Monday 19 November 2012

The Gaza clash escalates with the deadliest Israeli strike

Bernat Armangue/the Associated Presssmoke rose over Gaza City on Sunday, as Israel extended its range of targets to include buildings used by the news media.

CAIRO — Emboldened by Islamists growing power around the region, the Palestinian militant group Hamas called for new Israeli concessions to its security and independence before it stops its rocket attacks on Israel, even as the conflict took a growing toll on Sunday.

A look at violence in Gaza, a woman and her child took cover in the southern Israeli city of Ashod, which was the target of several rockets on Sunday.

After five days of punishing Israeli air strikes on the Hamas-controlled Gaza Strip and no letup in rocket fire in return for Israel and Hamas representatives met separately with Egyptian officials in Cairo on Sunday for indirect talks on a cease-fire.

The talks came as an Israeli bomb hit a house in Gaza on Sunday afternoon, killing 11 people in the deadliest single strike since the conflict between Israel and Hamas escalated on Wednesday. The strike, along with several others who killed civilians across the Gaza Strip, signaled that Israel extends its range of targets on the fifth day of the campaign.

At the end of the day, Gaza health officials reported that 70 Palestinians had been killed in air strikes since Wednesday, including 20 children, and that 600 had been wounded. Three Israelis have been killed and at least 79 wounded by persistent rocket fire from Gaza into southern Israel and as far north as Tel Aviv.

Hamas, poorly armed banditry disguised cruise on the battlefield, seemed to try to take advantage of its increased political clout with its ideological allies in Egypt's new Islamic-led Government. The Group's leaders reject Israel's call for an immediate end to rocket attacks have instead established sweeping requirements, which would put Hamas in a stronger position than when the conflict began: cessation of Israel's five-year-old embargo of the Gaza Strip, a promise that Israel not to attack again and multinational guarantees that Israel would meet its commitments.
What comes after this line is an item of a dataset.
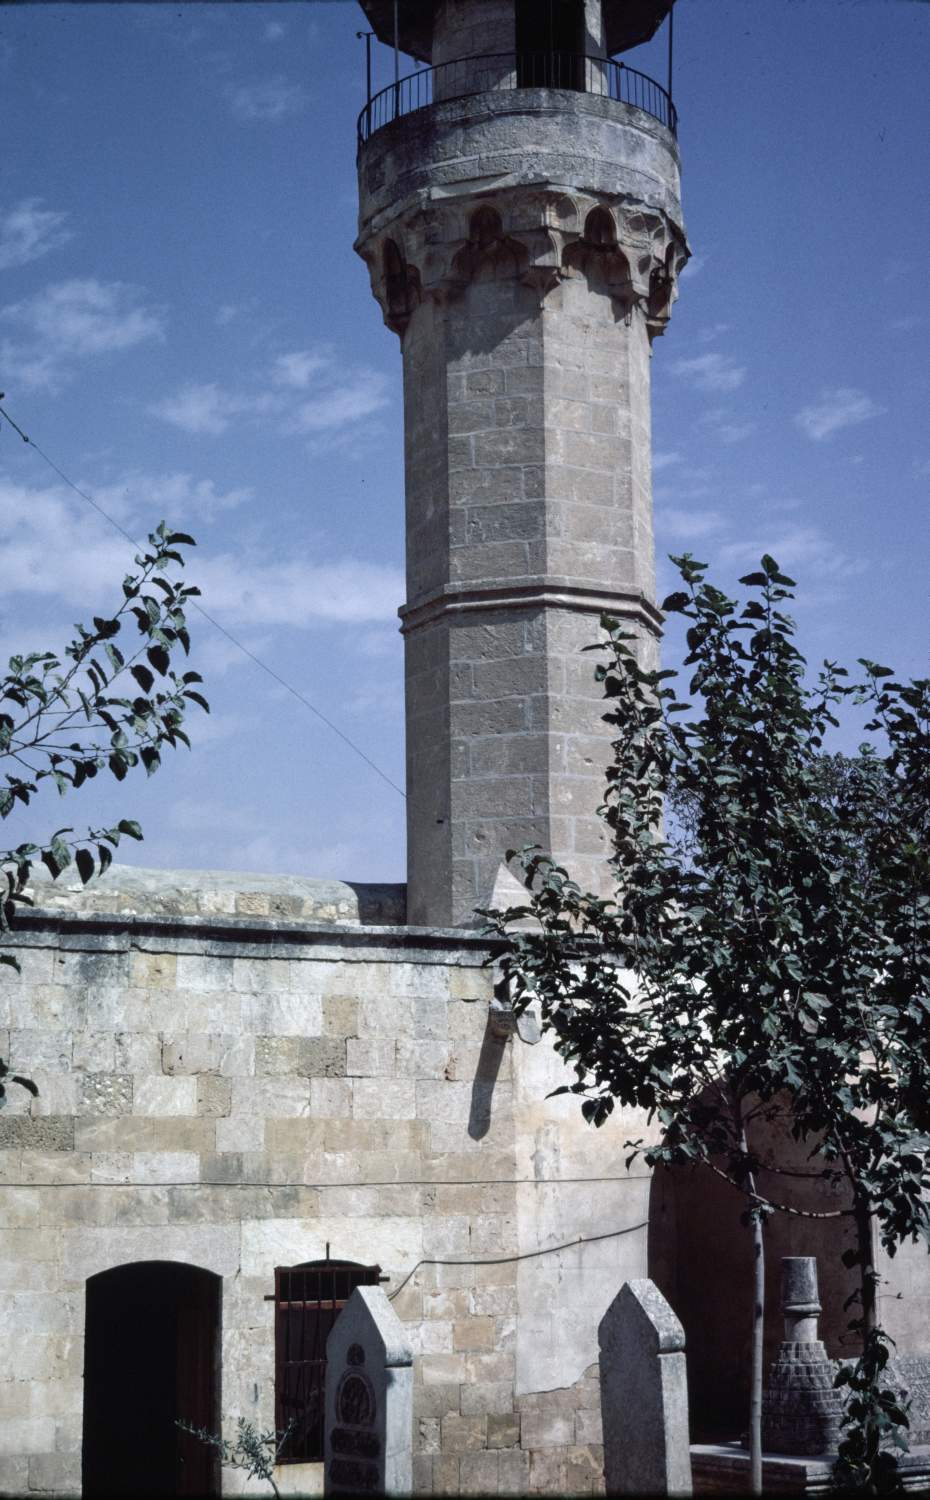 Maqam Ibrahim (Salihin) - Exterior view showing portal and minaret.

Prime minister Benjamin Netanyahu of Israel stabbed his demand that all rocket fire ceases before the air campaign leaves, and Israeli tanks and troops remained lined up outside Gaza on Sunday. Tens of thousands of reserve troops had been called. "The Army is prepared to expand the operation considerably," Mr. Netanyahu said at the start of a cabinet meeting.

Reda Fahmy, a member of Egypt's House of Lords of Parliament, and of the nation's dominant Islamic party, resulting from the negotiations, said the attitude was equally unequivocal Hamass. "Hamas has a clear and precise requirements: for the siege lifted completely from Gaza," he said. "It is not reasonable that every now and then Israel decides to level the Gaza with the Earth, and so we decide to sit down and talk about it when it is done. On the Israeli side, they want to stop the missiles from one side. How is it? "
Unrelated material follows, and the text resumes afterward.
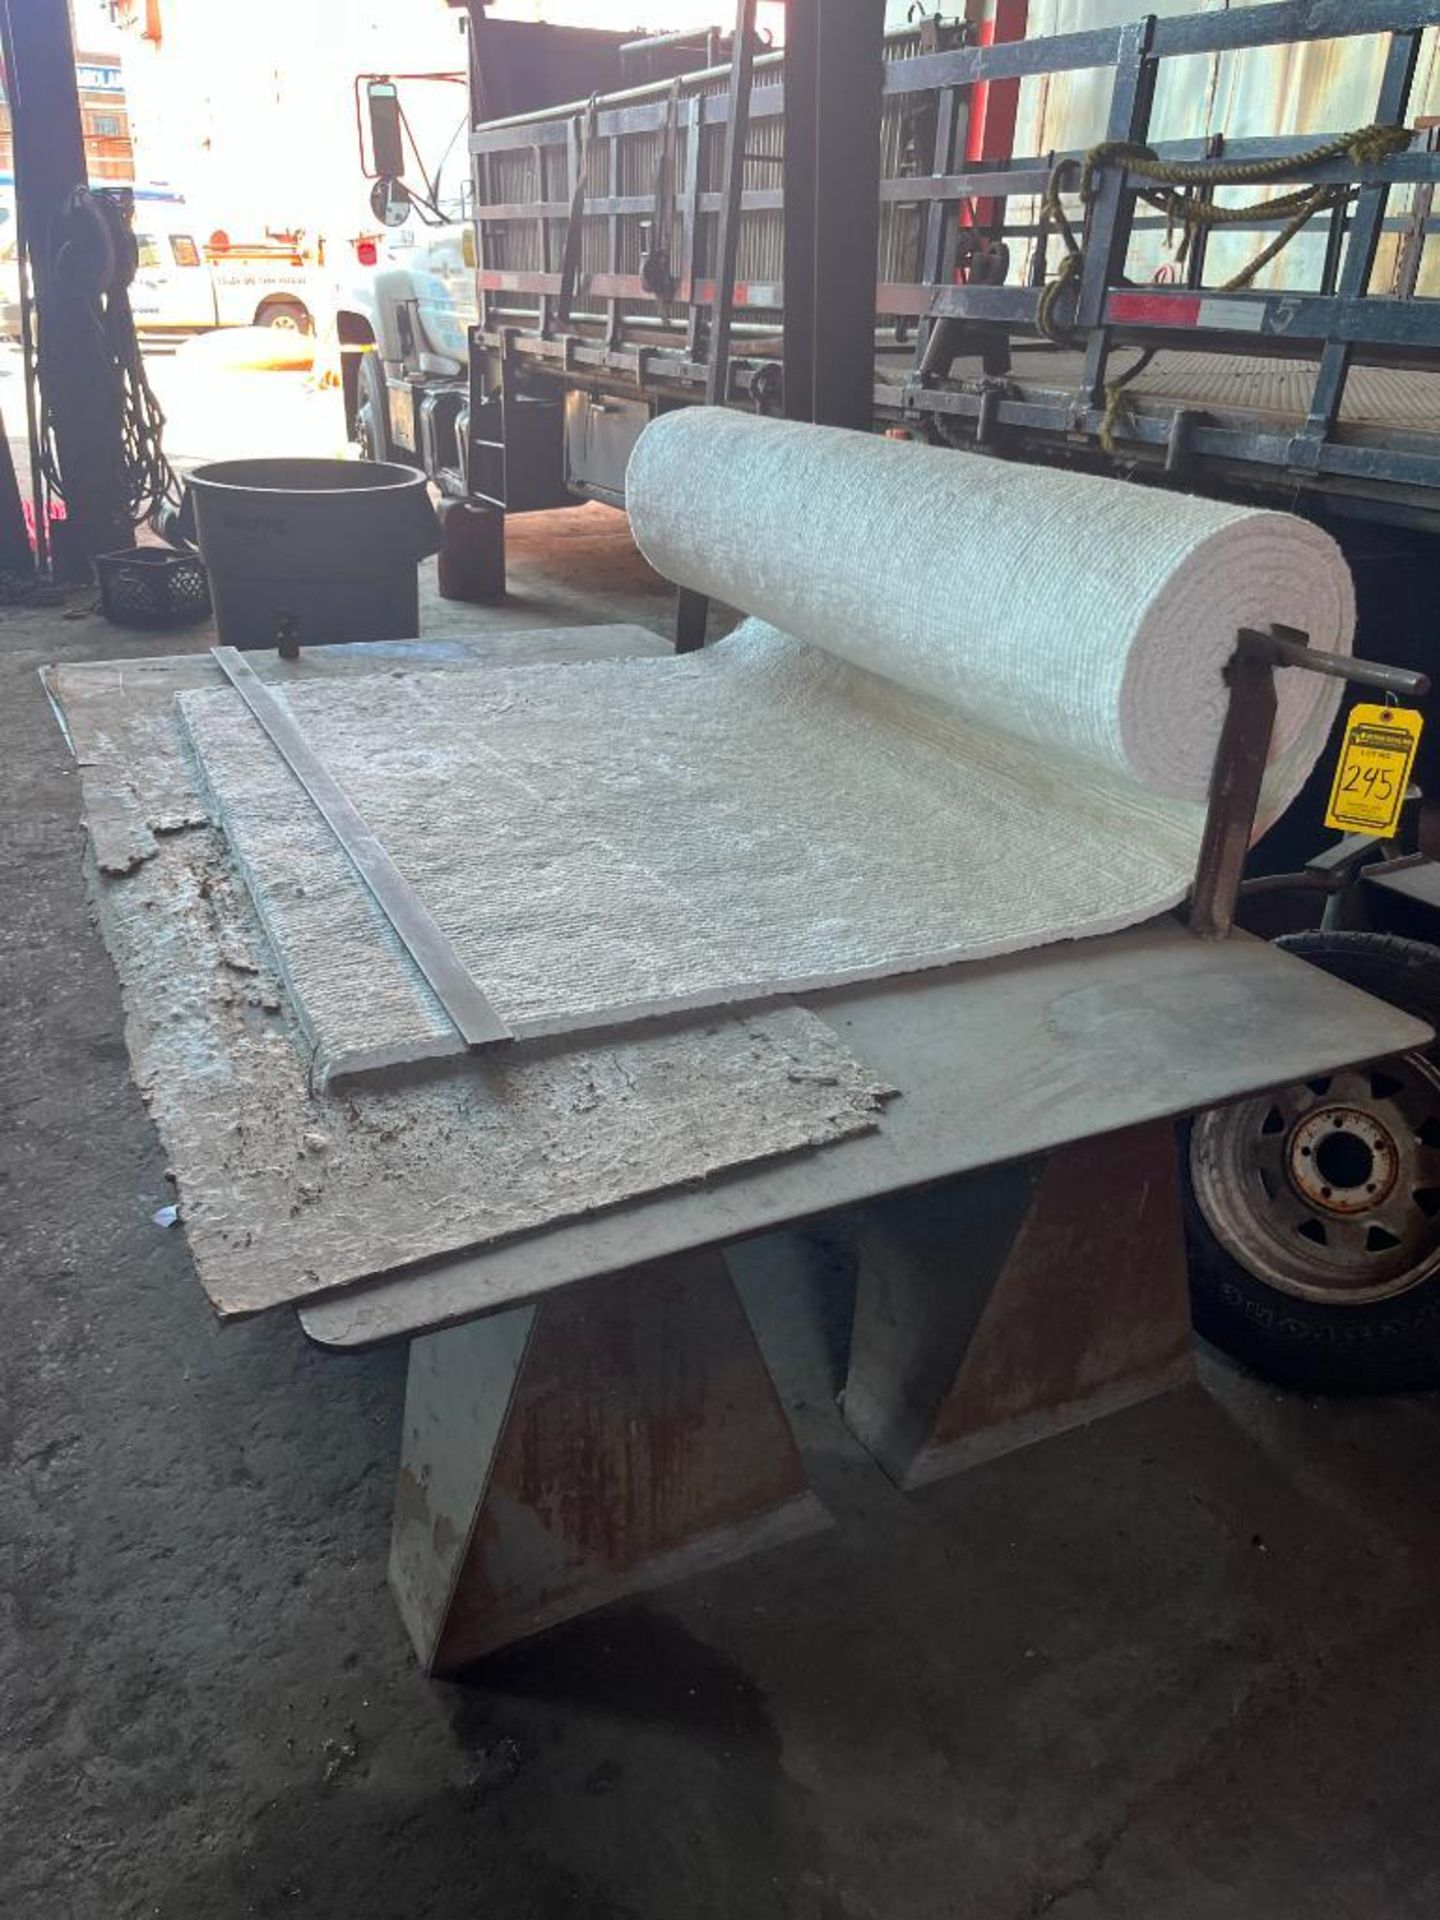 92" x 54" steel table & roll of fiberglass insulation

He added: "if they stop the aircraft from shooting, Hamas will then stop its missiles. But the violence could not be stopped from one side. "

Hamas aggressive attitude in the negotiations a cease-fire is the first test of the Group's belief that the Arab spring and the increase of Islamic influence around the region has strengthened his political hand, both against Israel and Palestinian rivals, Hamas, which now controls the West Bank, with Western backing.

It also puts intense new pressure on President Mohamed Morsi of Egypt, a former leader of the Muslim Brotherhood, who was known for his fiery speeches defending Hamas and condemning Israel. Mr. Morsi must now strike a balance between the conflicting demands of an Egyptian public, which is deeply sympathise with Hamas and the Palestinian case against the Western pleadings to help broker a peace and Egypt's need for regional stability to revive its moribund economy.

Actually illustrates the Egyptian-led truce talks the divergent paths of the Muslim Brotherhood and Hamas, a Palestinian offshoot of the original Egyptian Islamist group. Hamas has evolved into a more militant insurgents and called a terrorist organization by the United States and Israel, while the Brotherhood has effectively been Egypt's ruling party. Mr. Fahmy said in an interview in March that Brotherhoods new responsibilities required a step back from its ideological cousins in Hamas, and even a new push to convince the group to compromise.

Reporting was contributed by Ethan Bronner and Isabel Kershner, Irit Pazner Garshowitz from Jerusalem, and Peter Baker from Bangkok.